What is needed is a faithful transcription of all the data below, pictures excluded.

RAW DATA:

══════════════════════════════

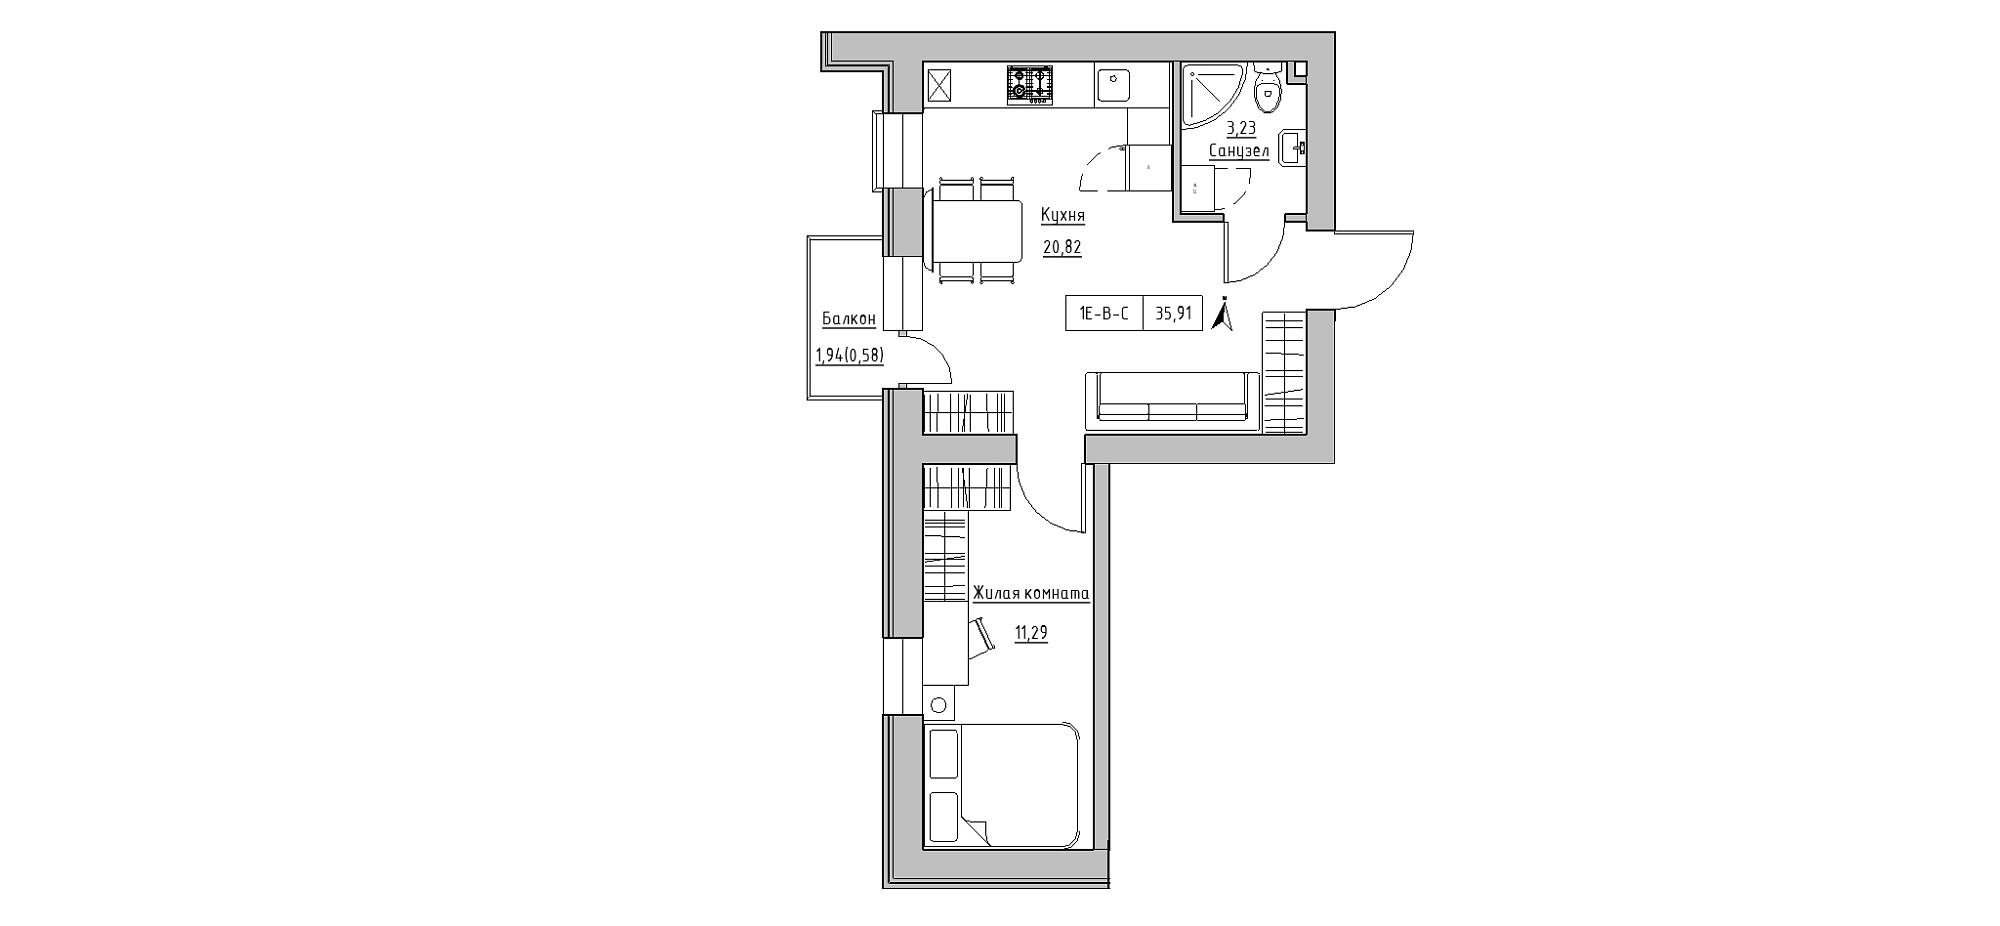 Планування 1-к квартира площею 35.91м2, KS-020-04/0009.
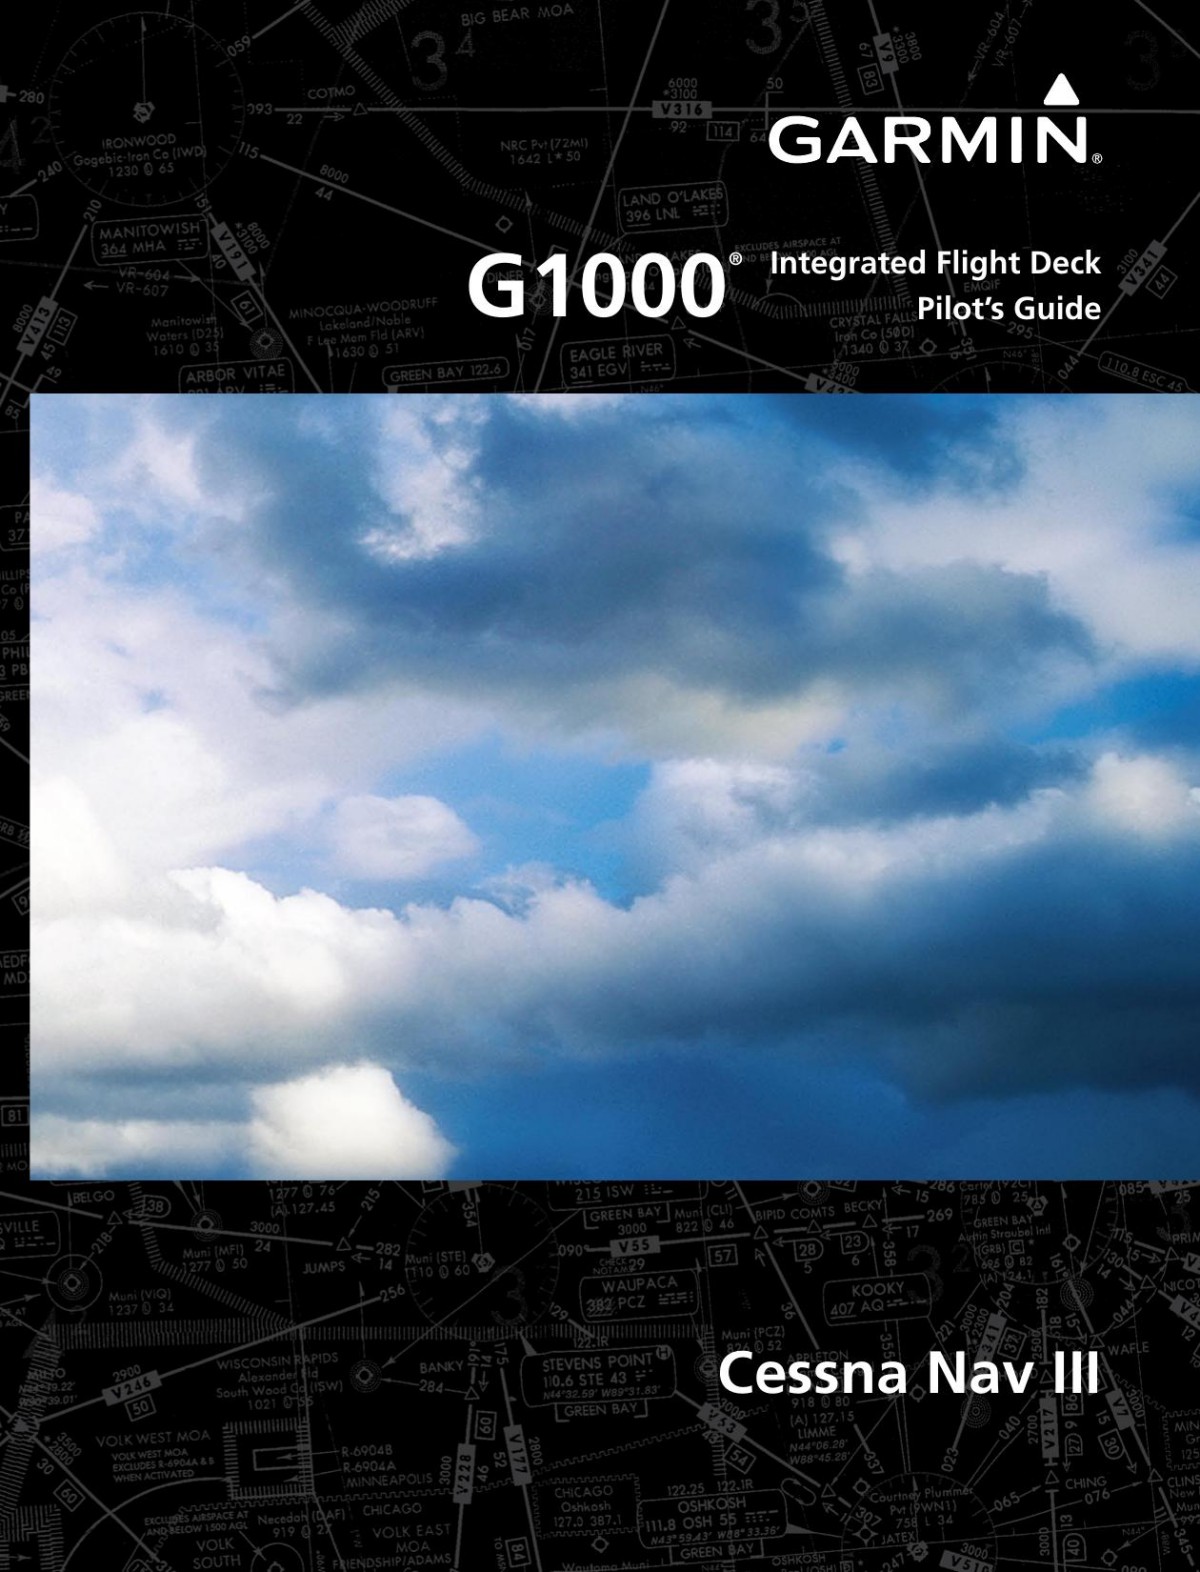 Garmin G1000 Guide Cessna Nav III
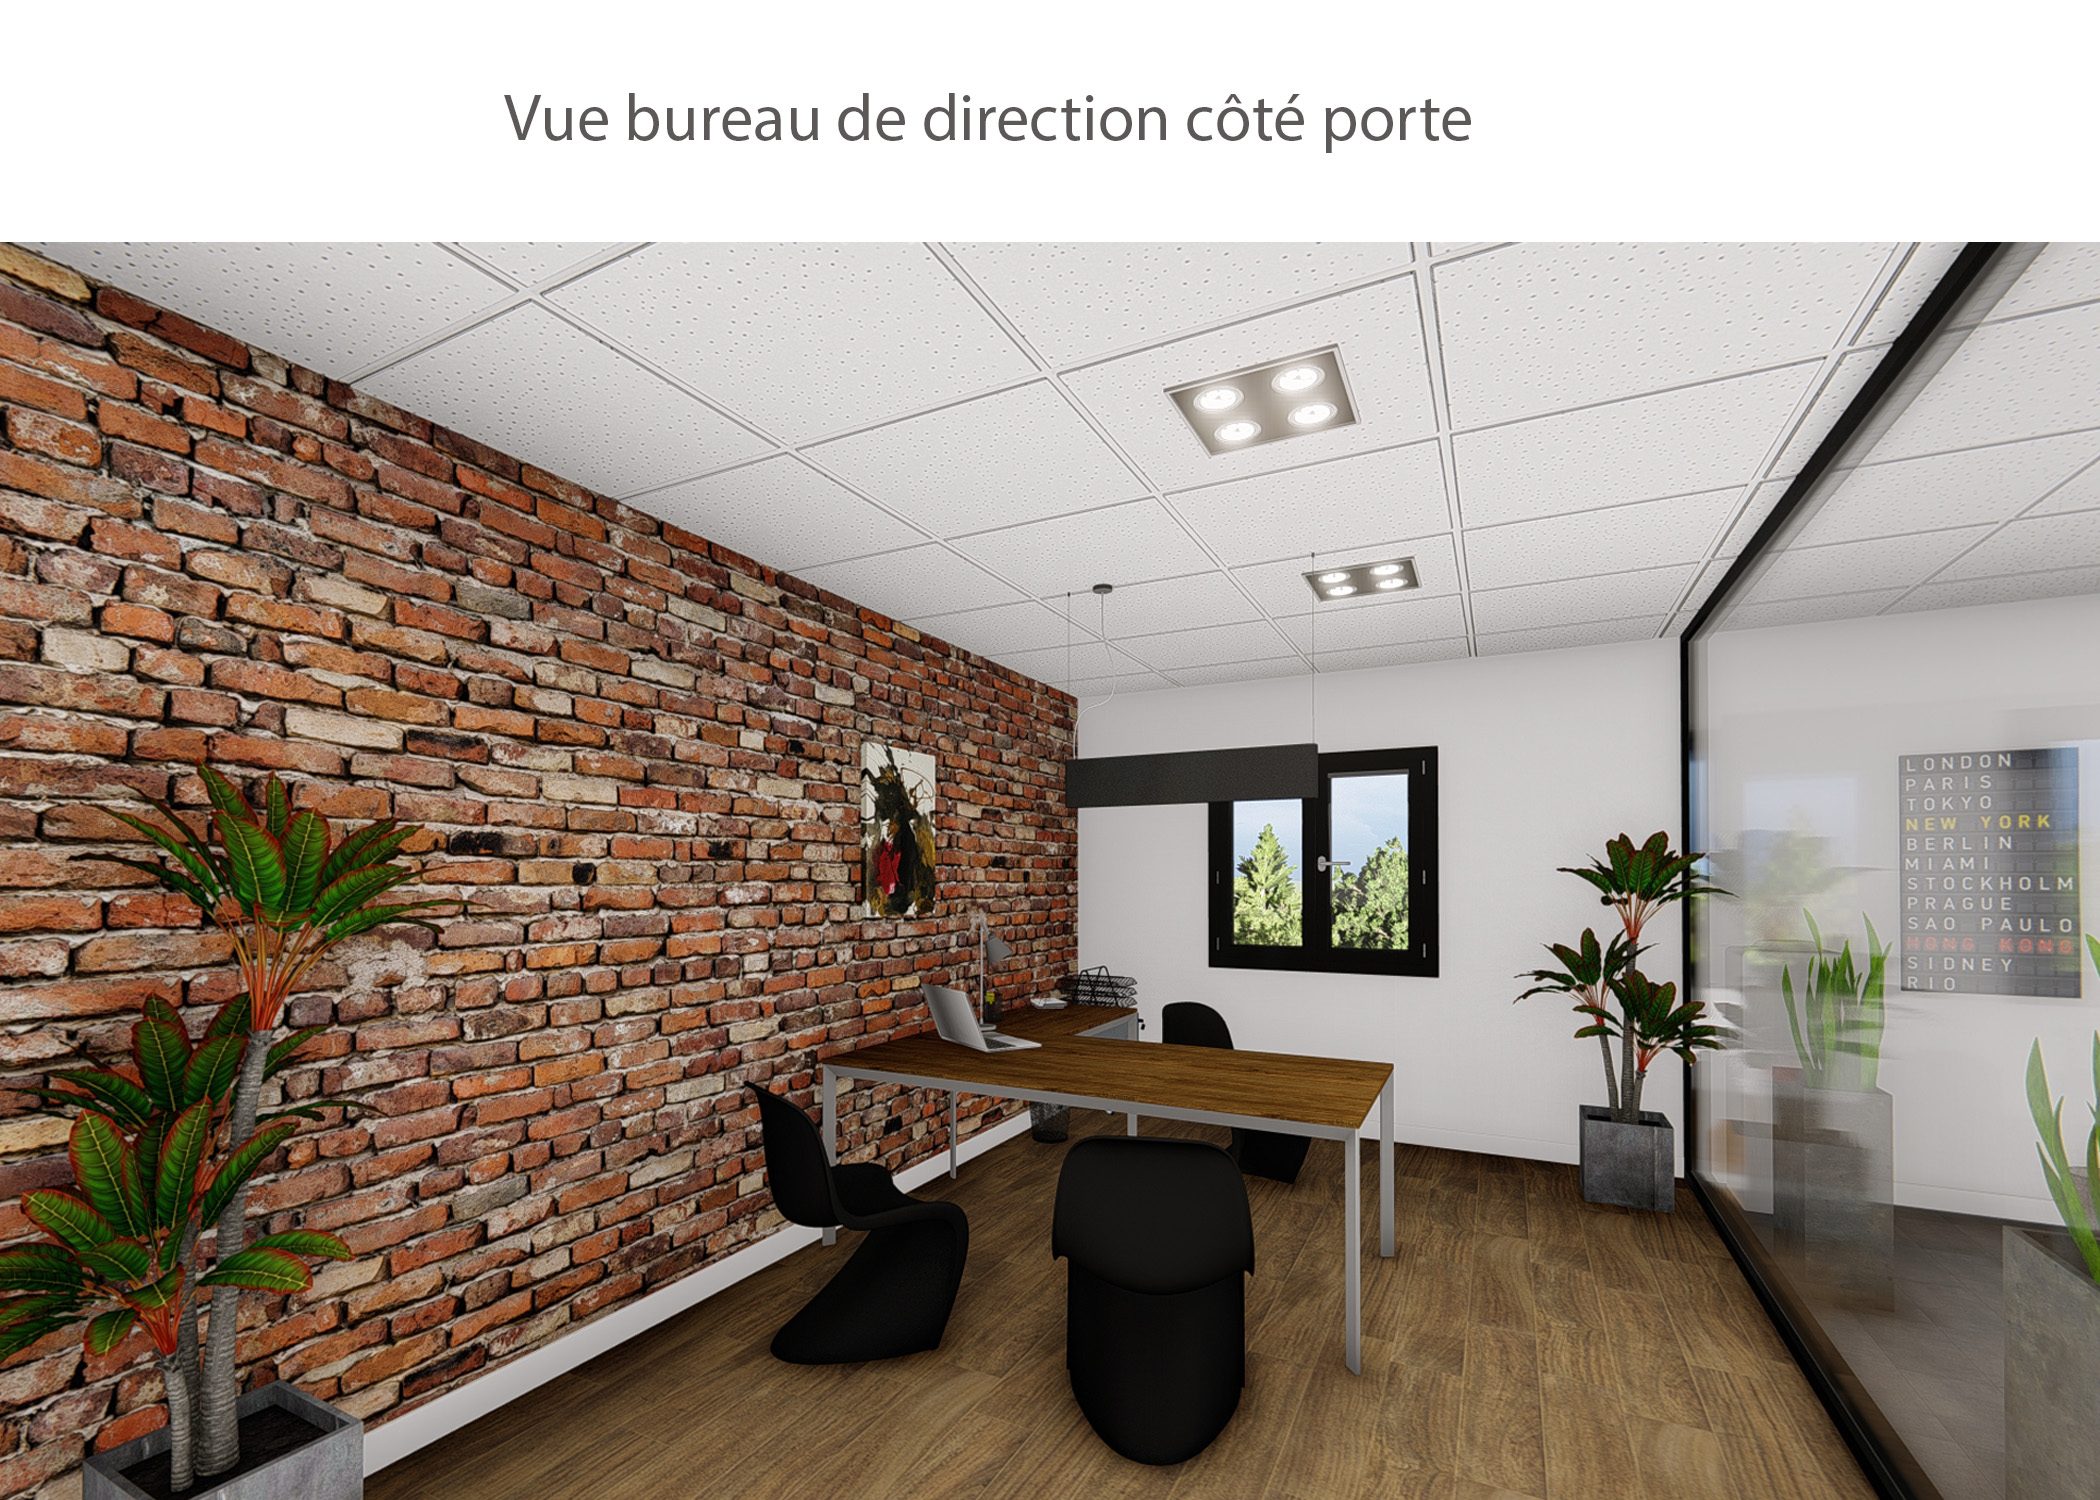 amenagement-decoration-start-up vente en ligne-region parisienne-bureau de direction cote porte-dekho design

══════════════════════════════

SOLUTION FOR THIS EXERCISE:
 Планування 1-к квартира площею 35.91м2, KS-020-04/0009.
 Garmin G1000 Guide Cessna Nav III
 amenagement-decoration-start-up vente en ligne-region parisienne-bureau de direction cote porte-dekho design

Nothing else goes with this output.